T3: Transferable Tactile Transformers

Tactile Representation Learning Across Diverse Sensors and Tasks

Jialiang (Alan) Zhao , Yuxiang Ma , Lirui Wang , and Edward H. Adelson


T3 trains a common tactile representation from 13 sensors and 11 tasks

[hover to see sensors and tasks]


  • Masked auto-encoding (MAE)
  • Material ID
  • Object ID
  • Contact area percentage
  • 11 fabric properties (smoothness, friction, etc.)
  • 3D delta pose between 2 frames
  • 6D delta pose between 2 frames
  • ... and more

T3 can be used as a tactile encoder for long-horizon manipulation.

We conduct experiments on precision electronics insertion, with a tiny clearance of 0.4mm. We design a simple behavior cloning policy to insert 3 parts onto a PCB with corresponding mounting holes: a 3-pin toggle switch, a 12-pin double-stack USB module, and a 17-pin VGA port.

Experiments show significant improvement in task success rate when using T3 as a tactile encoder.

Pre-trained T3 improves performance, and it scales.

Pre-trained T3 achieves higher performance than models trained from scratch, and its performance scales with larger models. We tested 4 model sizes: tiny (12M params), small (45M params), medium (174M params), large (304M params).

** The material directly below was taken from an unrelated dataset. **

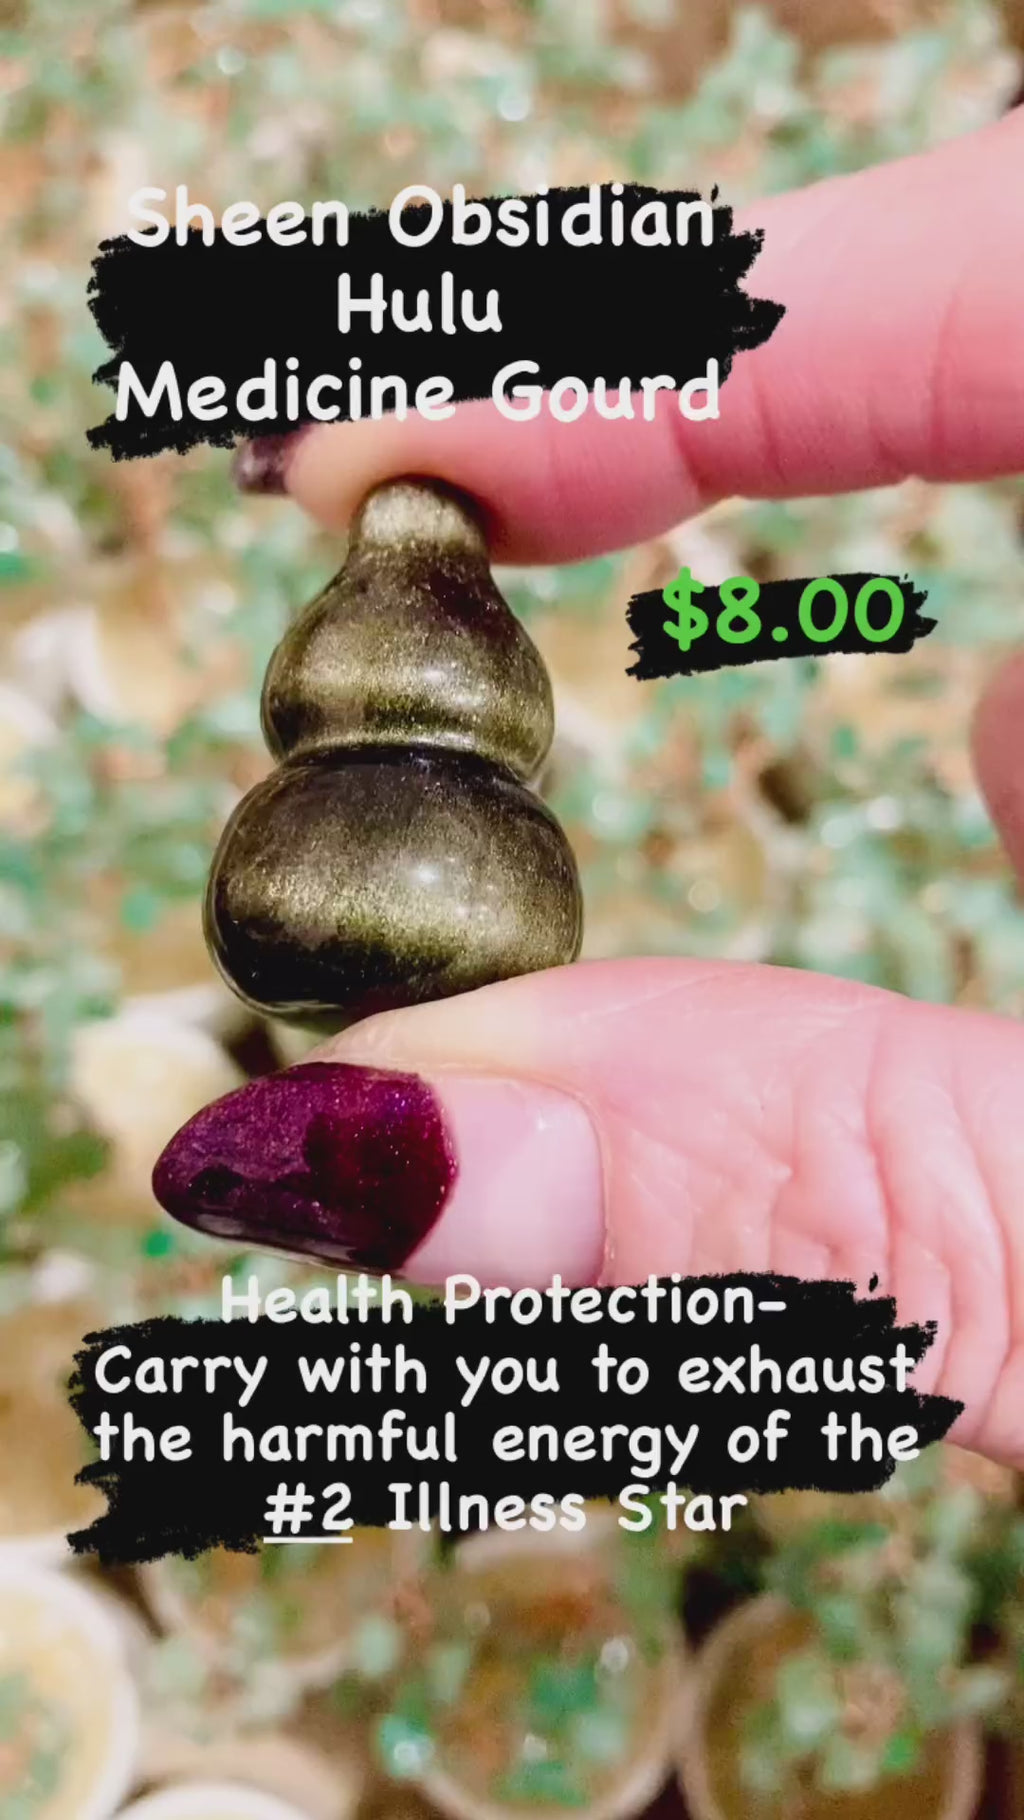 Hu-Lu Medicine Gourd, Sheen Obsidian 1.15" x 0.75"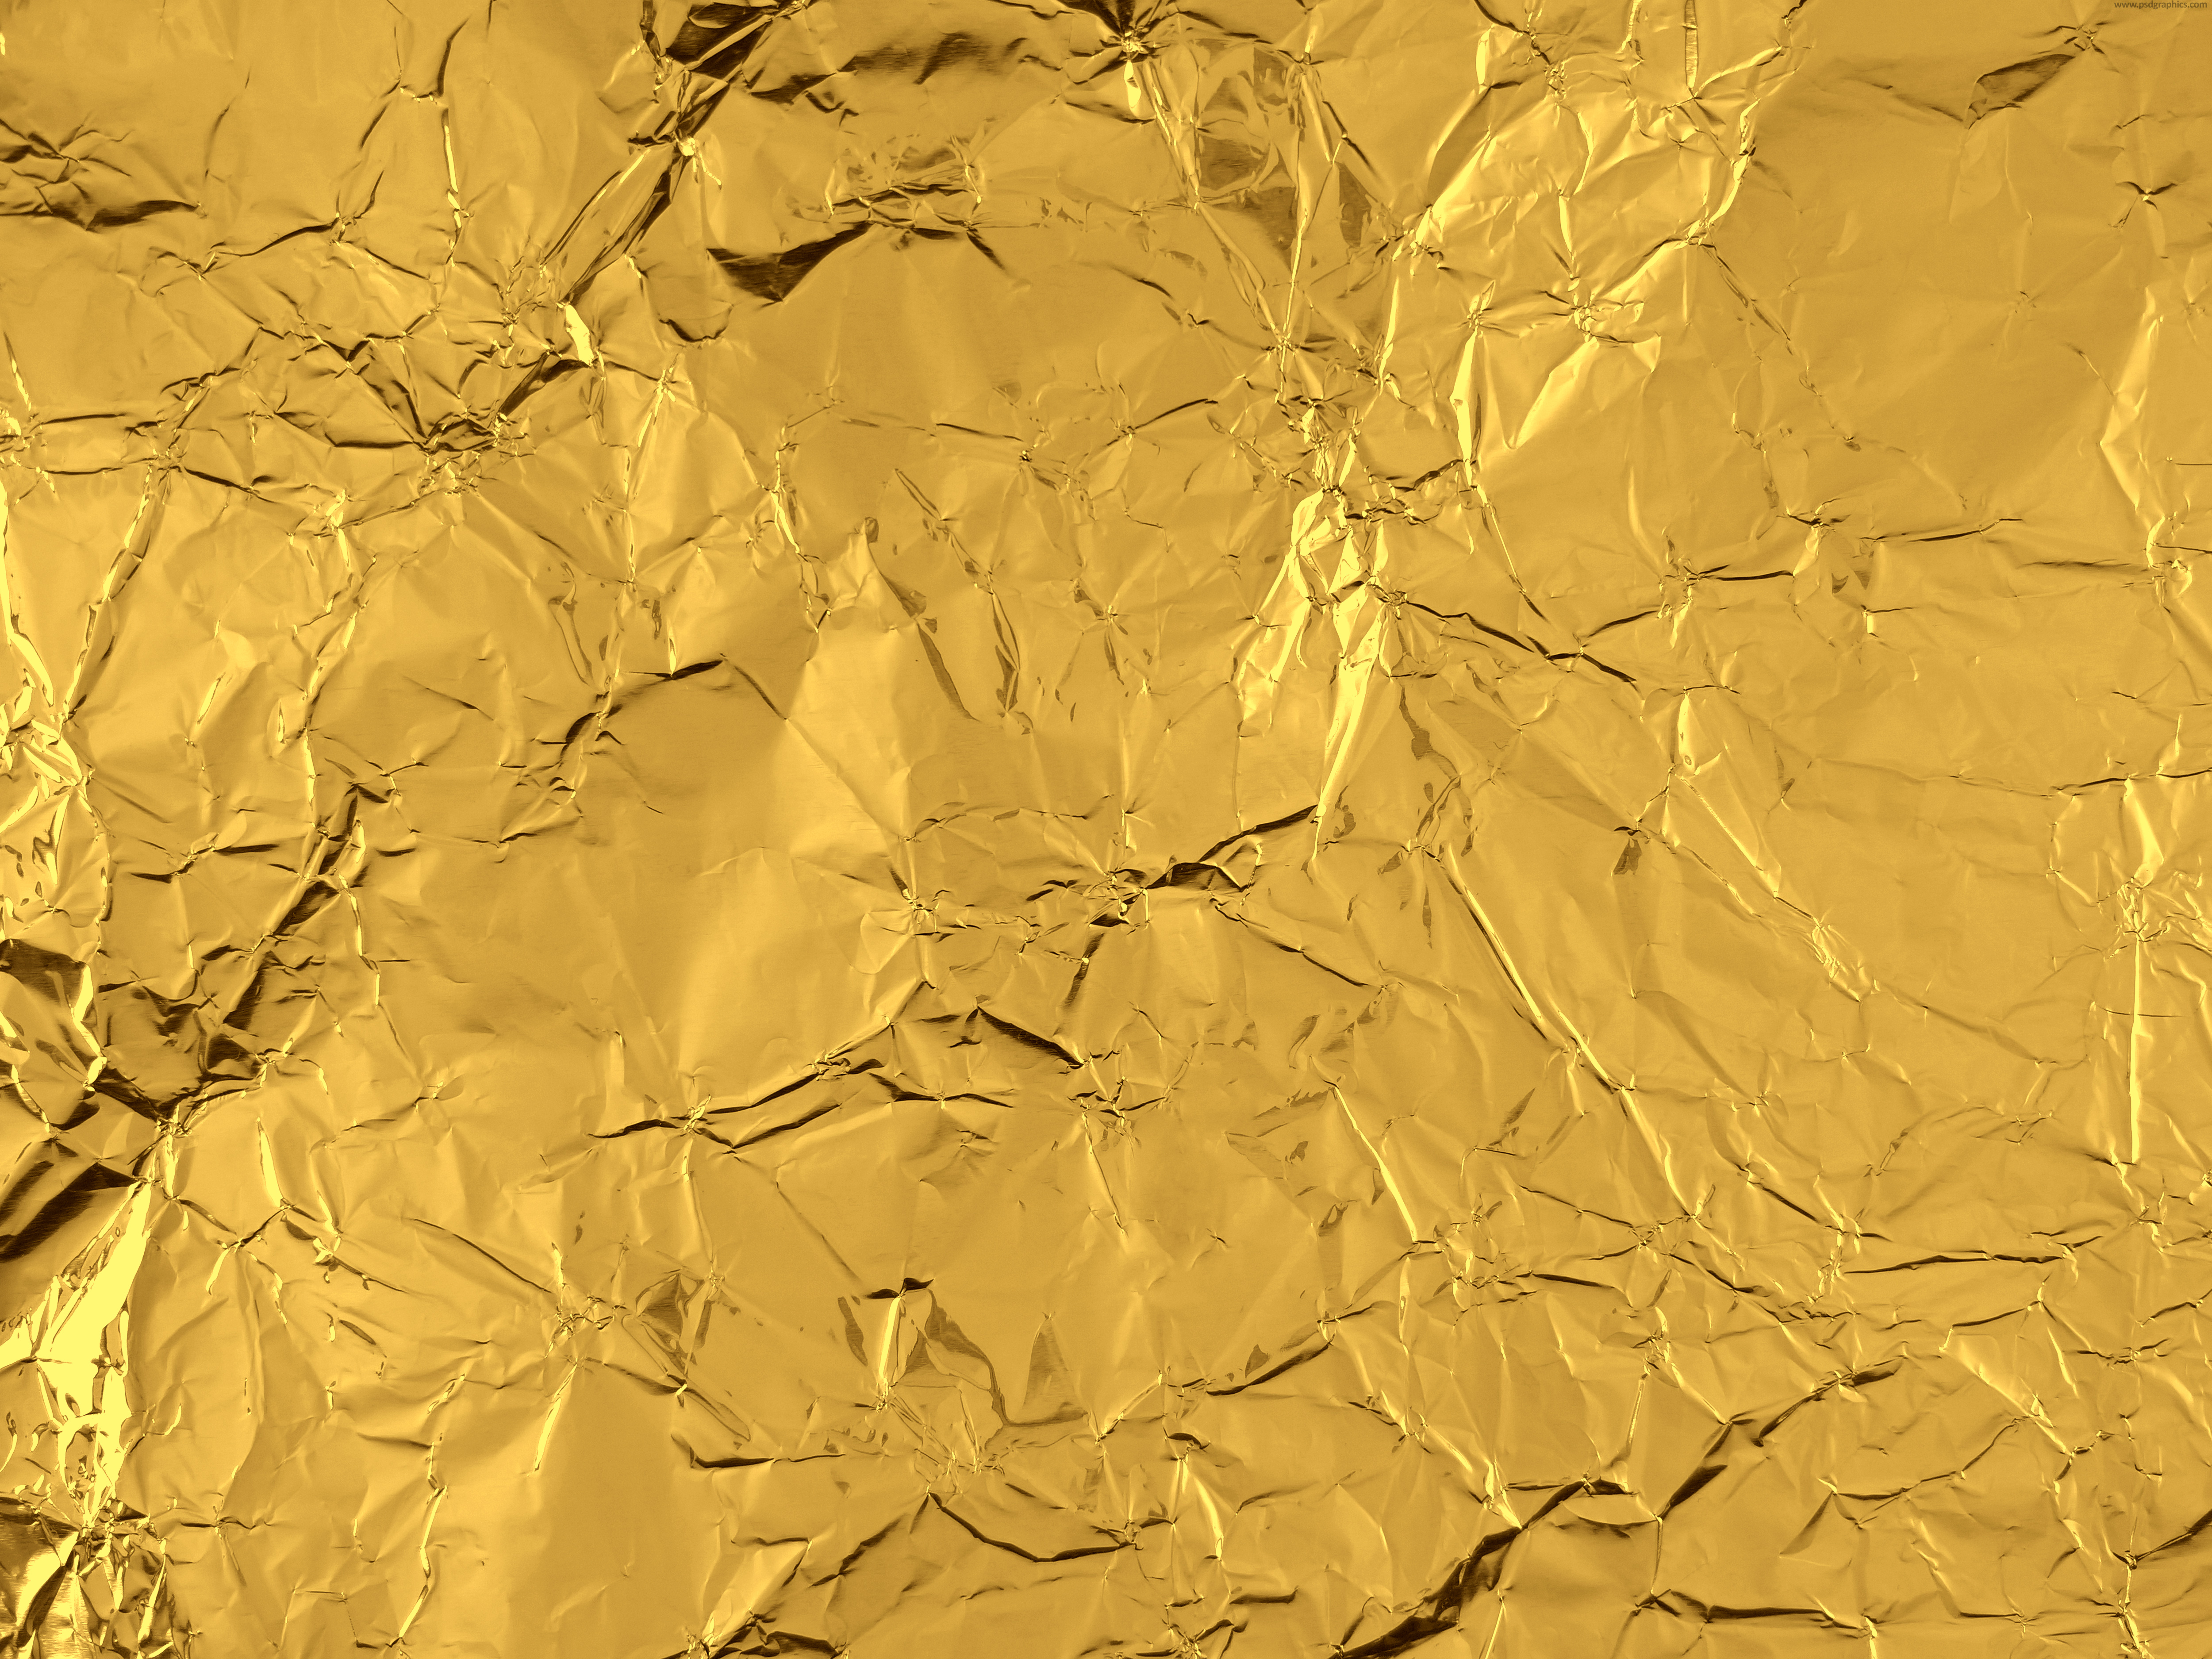 Gold texture photo

T3 transfers to novel sensor & task.

Experiments show that T3 zero-shot transfers to novel sensor-task pairings with reasonable performance. Its performance can be further improved with small amounts (~2,000) of domain-specific data.

T3 Architecture

Our model is a transformer-based architecture that takes in raw tactile sensor data and outputs a latent representation that is shared across all sensors and tasks. The model is trained with a multi-task learning objective that encourages the shared representation to be informative for all tasks.

Paper Code

FoTa Dataset

The FoTa dataset is assembled by aggregating a few of the largest open-source tactile datasets, as well as additional "alignment" data collected by us in-house. It covers data collected 13 sensors and 11 tasks. FoTa is provided in a unified WebDataset format, which is pre-sharded for fast I/O.

Colab Weights / Dataset


This paper presents T3: Transferable Tactile Transformers, a framework for tactile representation learning that scales across multi-sensors and multi-tasks. T3 is designed to overcome the contemporary issue that camera-based tactile sensing is extremely heterogeneous, i.e. sensors are built into different form factors, and existing datasets were collected for disparate tasks. T3 captures the shared latent information across different sensor-task pairings by constructing a shared trunk transformer with sensor-specific encoders and task-specific decoders. The pre-training of T3 utilizes a novel Foundation Tactile (FoTa) dataset, which is aggregated from several open-sourced datasets and it contains over 3 million data points gathered from 13 sensors and 11 tasks. FoTa is the largest and most diverse dataset in tactile sensing to date and it is made publicly available in a unified format. Across various sensors and tasks, experiments show that T3 pre-trained with FoTa achieved zero-shot transferability in certain sensor-task pairings, can be further fine-tuned with small amounts of domain-specific data, and its performance scales with bigger network sizes. T3 is also effective as a tactile encoder for long horizon contact-rich manipulation. Results from sub-millimeter multi-pin electronics insertion tasks show that T3 achieved a task success rate 25% higher than that of policies trained with tactile encoders trained from scratch, or 53% higher than without tactile sensing.

More Details

Check more details about T3: Transferable Tactile Transformers from our paper or desktop website.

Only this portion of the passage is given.